All distances are exact integers. No floating point, no embeddings, no thresholds.

**TritPath distance** — hops via LCA on the 3-branch ternary tree:
```
shared = length of common trit prefix
distance = (depth_a - shared) + (depth_b - shared)
```

**Tree distance** — hops via LCA in the B-tree:
```
pathA = node indices from root to keyA
pathB = node indices from root to keyB
distance = (len(pathA) - 1 - lca_depth) + (len(pathB) - 1 - lca_depth)
```
Measures storage locality. Keys in the same leaf: distance 0. Sibling leaves: distance 2.

**Geometric distance** (binding signatures) — L1 distance over sorted binding tuples:
```
for each paired binding:
    +1 if declaration depths differ
    +|refDepths_a[i] - refDepths_b[i]| per reference pair
    +|len(refs_a) - len(refs_b)| for unmatched references
+|num_locals_a - num_locals_b| for unmatched bindings
(same for externals)
```
Two structurally identical functions: distance 0. One extra local variable: distance 1.

---

## Symbol isomorphism

`BindingSignature`: the geometric structure of where names are declared and referenced, at what scope depths, with names erased. Two functions with identical binding signatures are alpha-equivalent (same structure, different names).

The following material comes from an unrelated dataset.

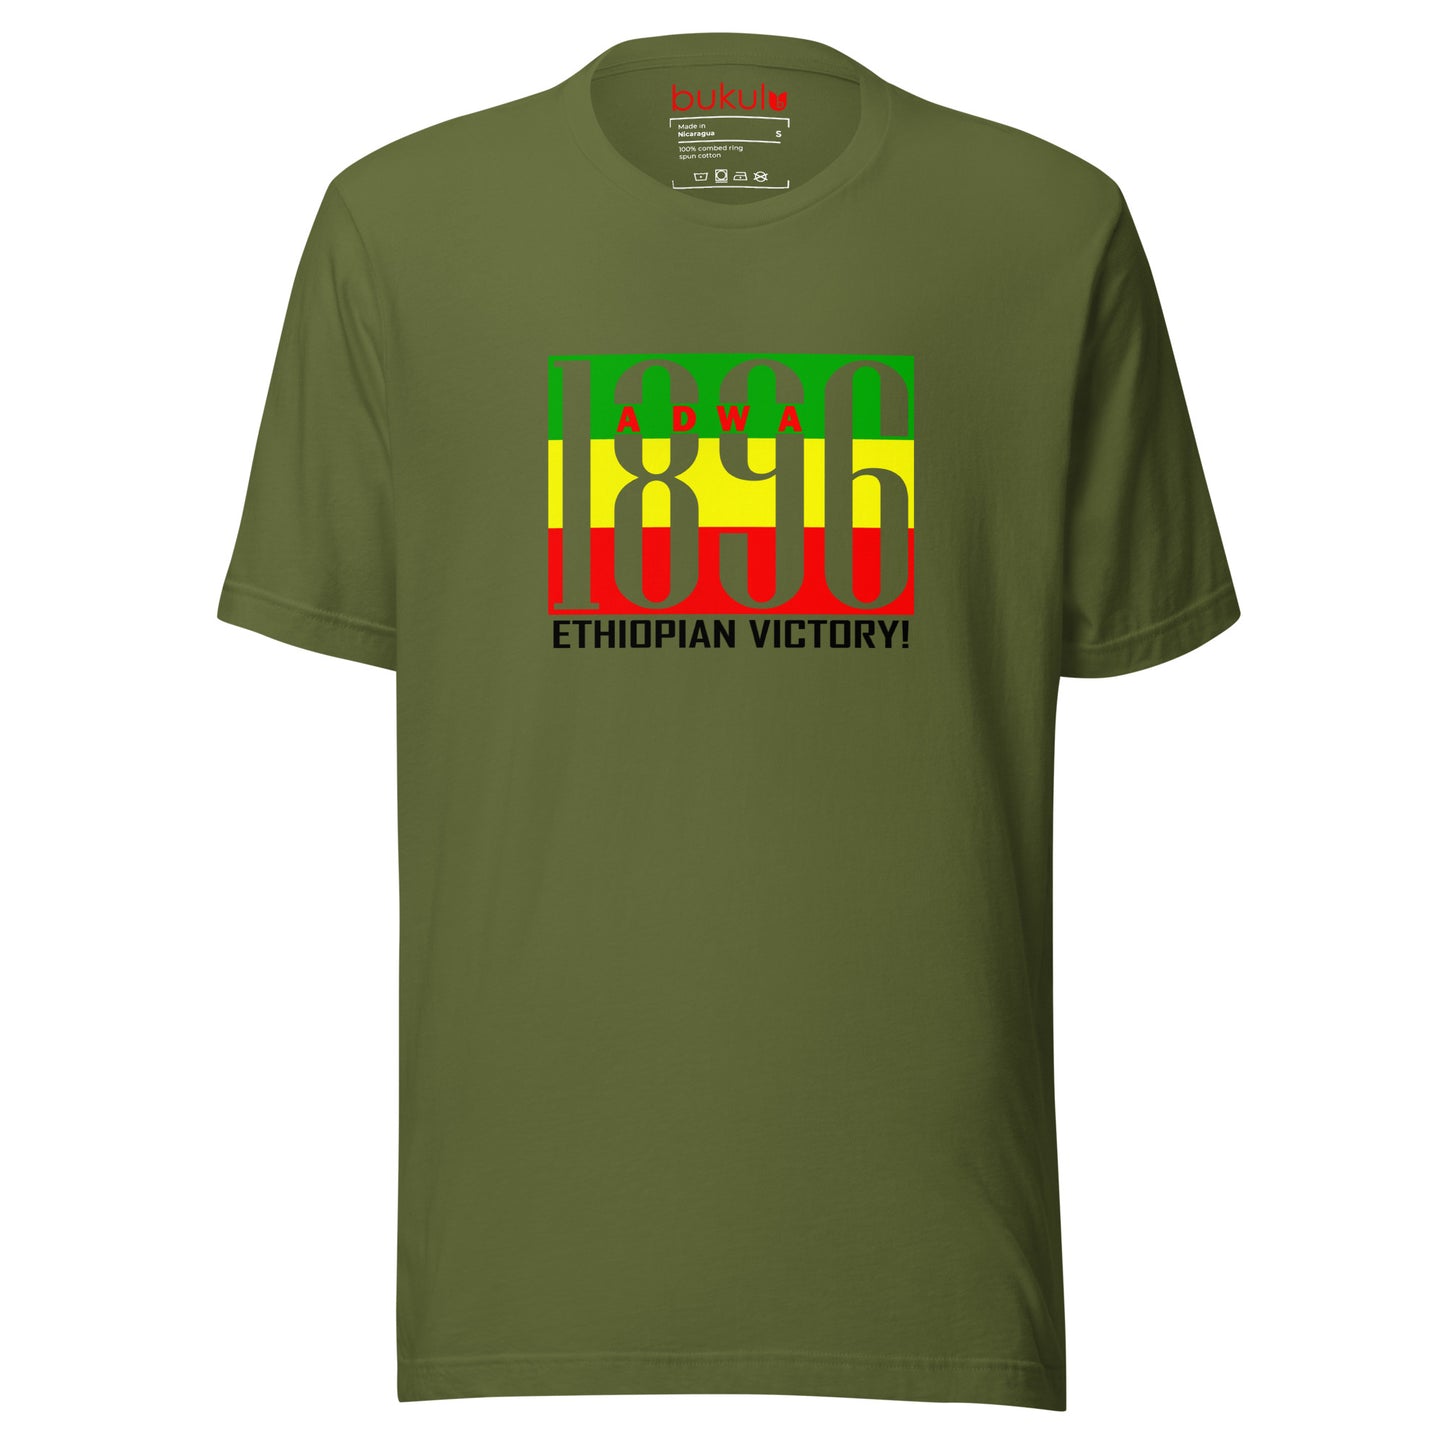 Adwa 1896 Ethiopian Victory Unisex T-Shirt - Celebrate History & Heritage

`SignatureHash24(sig) uint32` — 24-bit fast-rejection hash stored in `MetaEntry.Extra[5:8]`.

`find-sig` looks up functions by signature match across the lattice.

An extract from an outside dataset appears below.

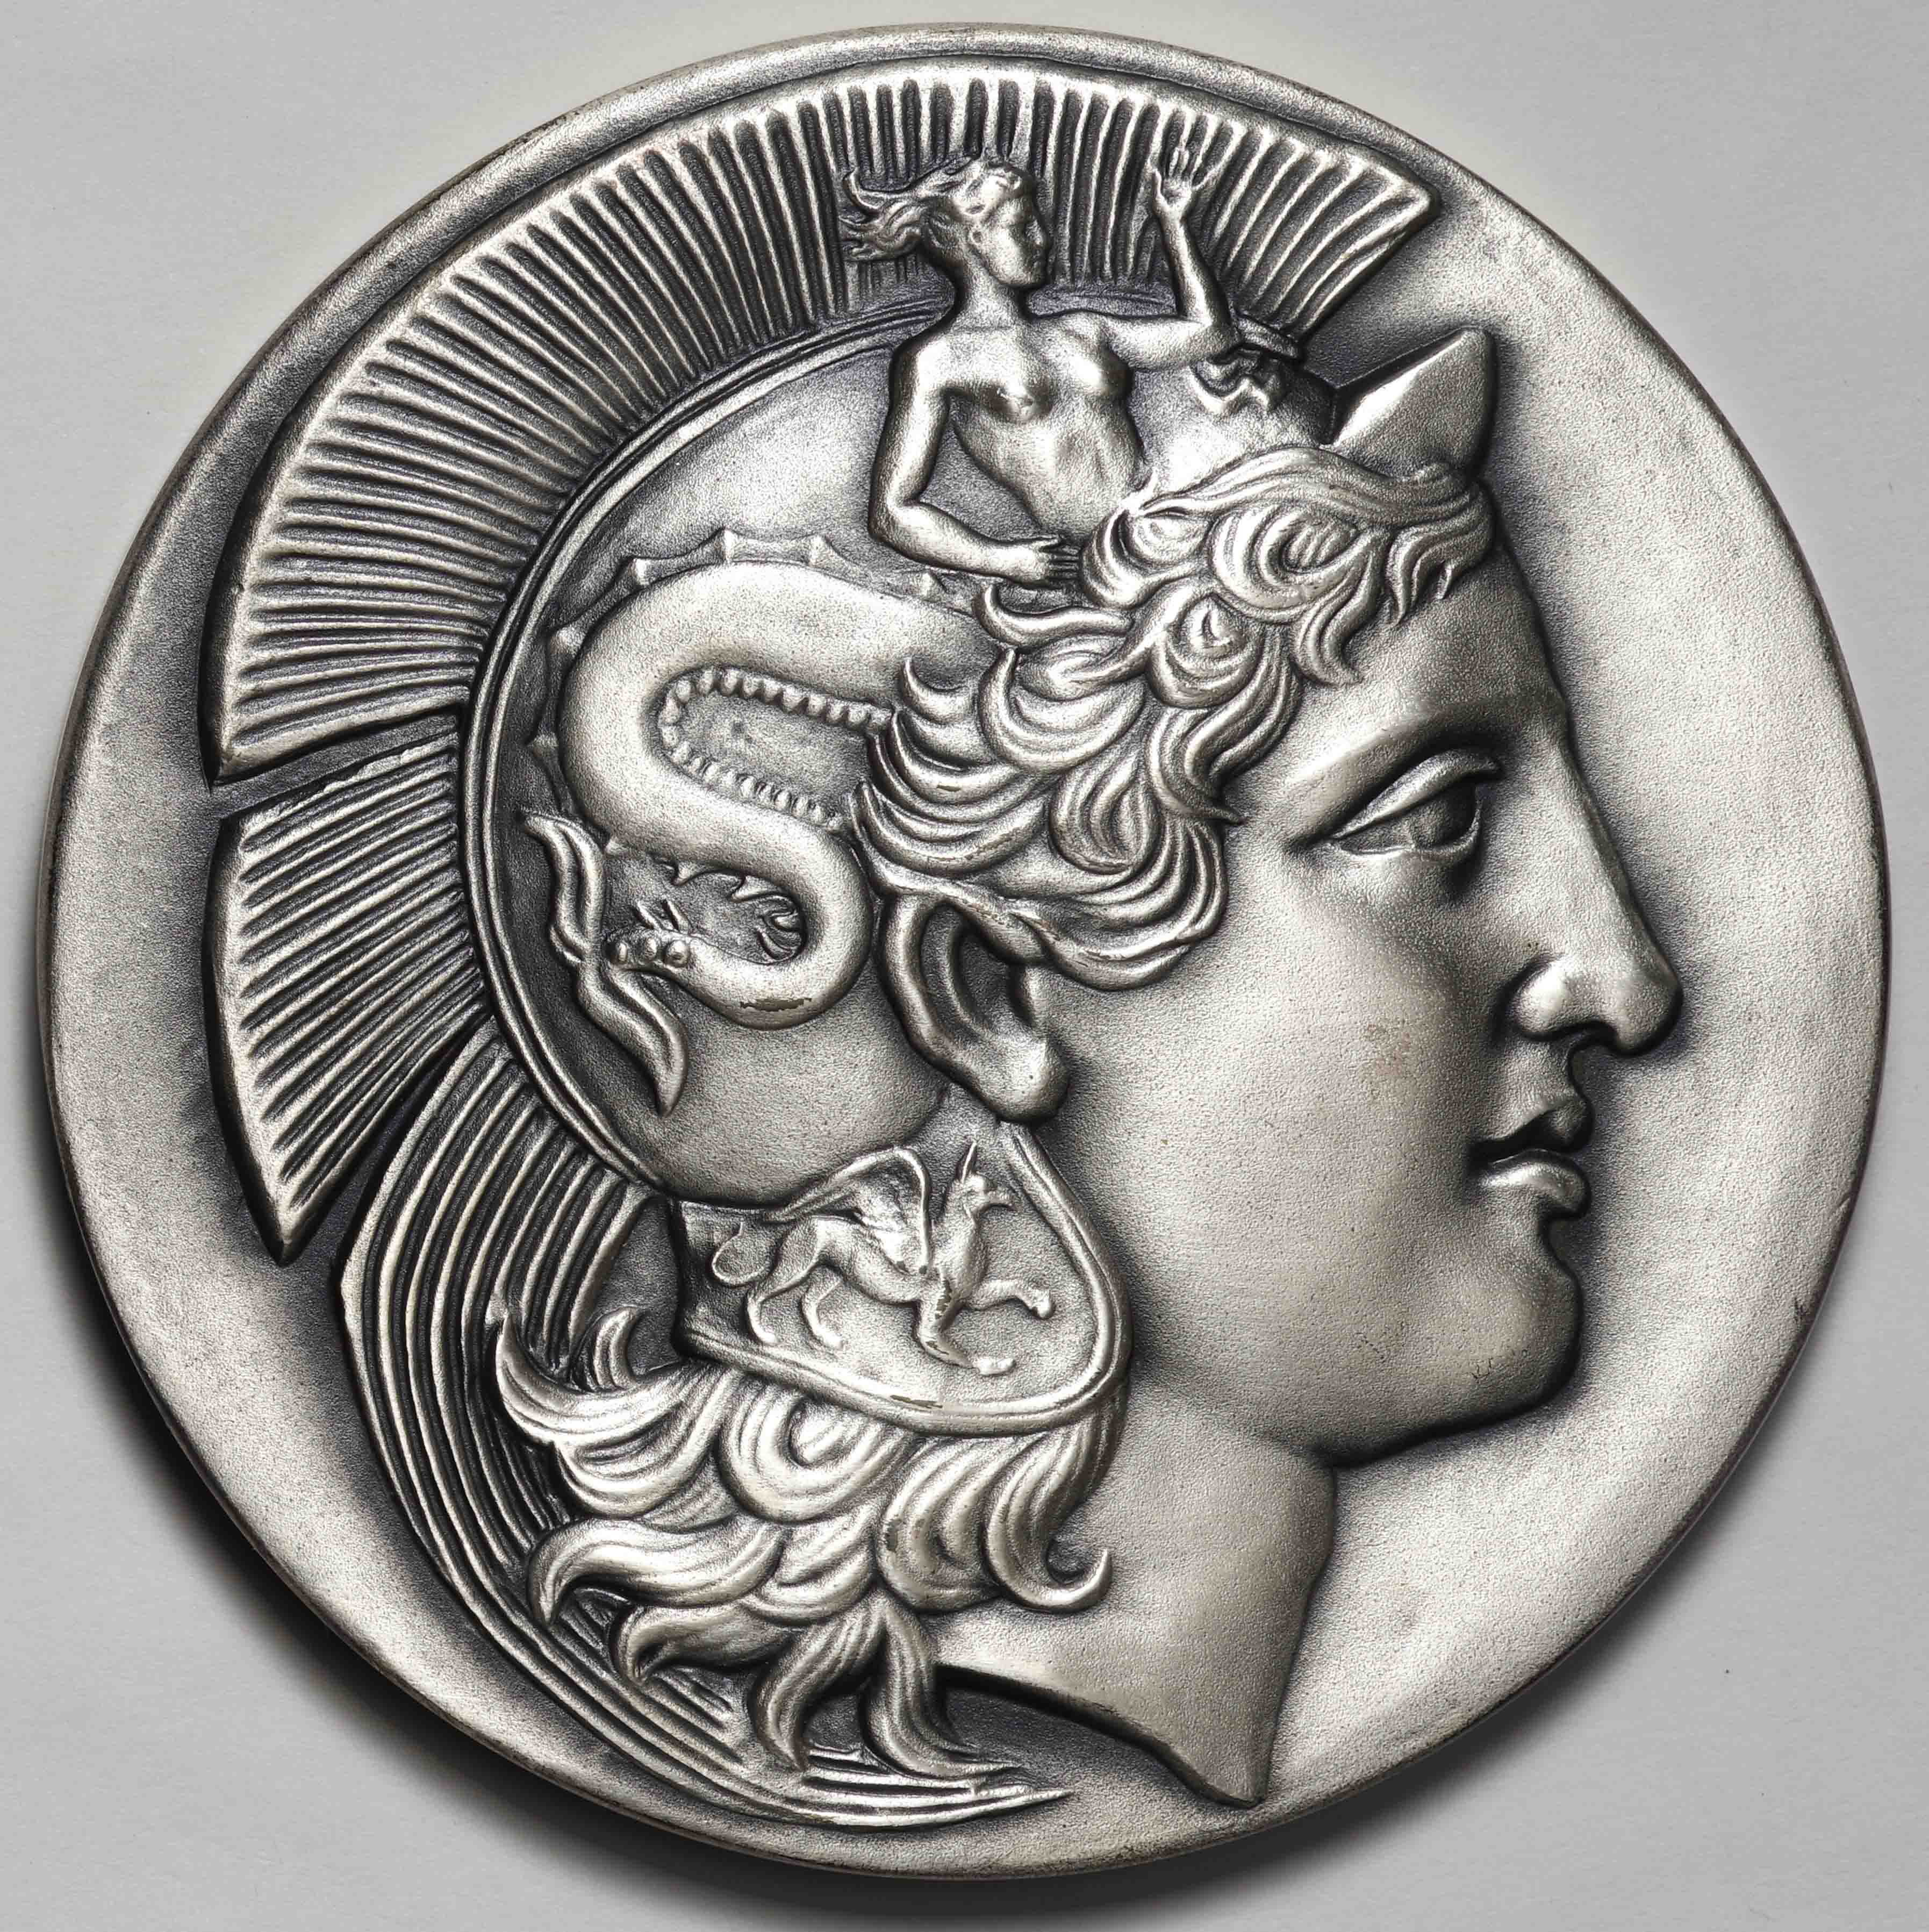 第13回国際貨幣祭り 記念メダル 純銀メダル 造幣局よろしくおねがいします

`audit` verifies that every function in a corpus is self-isomorphic (distance 0 to itself) — 100% pass rate confirms correct signature generation.

---

## Rotation system

Three-branch transitions encode the semantic direction of code flow:

```
Type → Func → Data → Type    (clockwise / right)
Type → Data → Func → Type    (counterclockwise / left)
```

| Rotation | Token | Meaning |
|----------|-------|---------|
| Right | Clockwise | Type decl followed by method |
| Left | Counter-clockwise | Variable followed by function call |
| Stay | Same branch | Two consecutive expressions |
| BlockOpen `{` | Enter scope | |
| BlockClose `}` | Leave scope | |
| Separator `;` | Statement boundary | |
| List `,` | Parameter/argument list | |

Encoded in `MetaEntry.Extra[4]` low nibble. Used for sequence modeling and bigram transitions.

---

## Lattice-based compilation

`iskra compile -mesh <f.mesh> -o <out.ll> <src.mx...>` uses the lattice as a compilation substrate: looks up each source construct by key, retrieves its stored IR content, and assembles the output. Enables name substitution (`subst`) and structural transformation without reparsing.

---

## Building

```sh
MOXIEROOT=../moxie moxie build ./cmd/iskra
```

---

## CLI

```
iskra load <corpus-dir>                       load mxcorpus output, print stats
iskra save <corpus-dir> <out.mesh>            load corpus, save binary mesh
iskra load-multi <dir1> [dir2...] -o <f>      merge multiple corpora, save mesh
iskra load-mesh <file.mesh>                   load mesh, print stats
iskra lookup <mesh-or-corpus> <name>          lookup segment, show cross-stage links
iskra forward <mesh-or-corpus> <name>         find SRC entry, follow to IR
iskra reverse <mesh-or-corpus> <name>         walk BIN→ASM→IR→AST→SRC
iskra content <mesh-or-corpus> <name>         show stored content for all stages
iskra quality <corpus-dir>                    measure reverse reconstruction coverage
iskra stats <file.mesh>                       lattice statistics
iskra audit <corpus-dirs...>                  isomorphism audit of all corpora
iskra find-sig <mesh-or-corpus> <name>        find isomorphic functions by signature
iskra subst <mesh-or-corpus> <src> <tgt>      substitute names in IR
iskra astgen <source.mx>                      generate AST dumps from source file
iskra compile -mesh <f.mesh> [-pkg p] -o <out.ll> <src.mx...>   lattice-based compile
iskra pipeline <corpus-dirs...>               evaluate SRC→AST→IR transformations
iskra verify <corpus-dir>                     verify lattice integrity
iskra vocab <mesh-or-corpus>                  print dictionary statistics
iskra classify-pair <mesh> <name1> <name2>    classify structural relationship
iskra bench-gen -d <dir> [-c <corpus>]        generate benchmark .mx files
iskra bench-run -d <dir> -m <moxieroot>       run benchmarks, produce TSV
iskra bench-ingest <mesh-or-corpus> <tsv>     ingest benchmark costs into lattice
iskra test                                    built-in smoke test
```

---

## License

Licensed under [AGPL-3.0-or-later](LICENSE).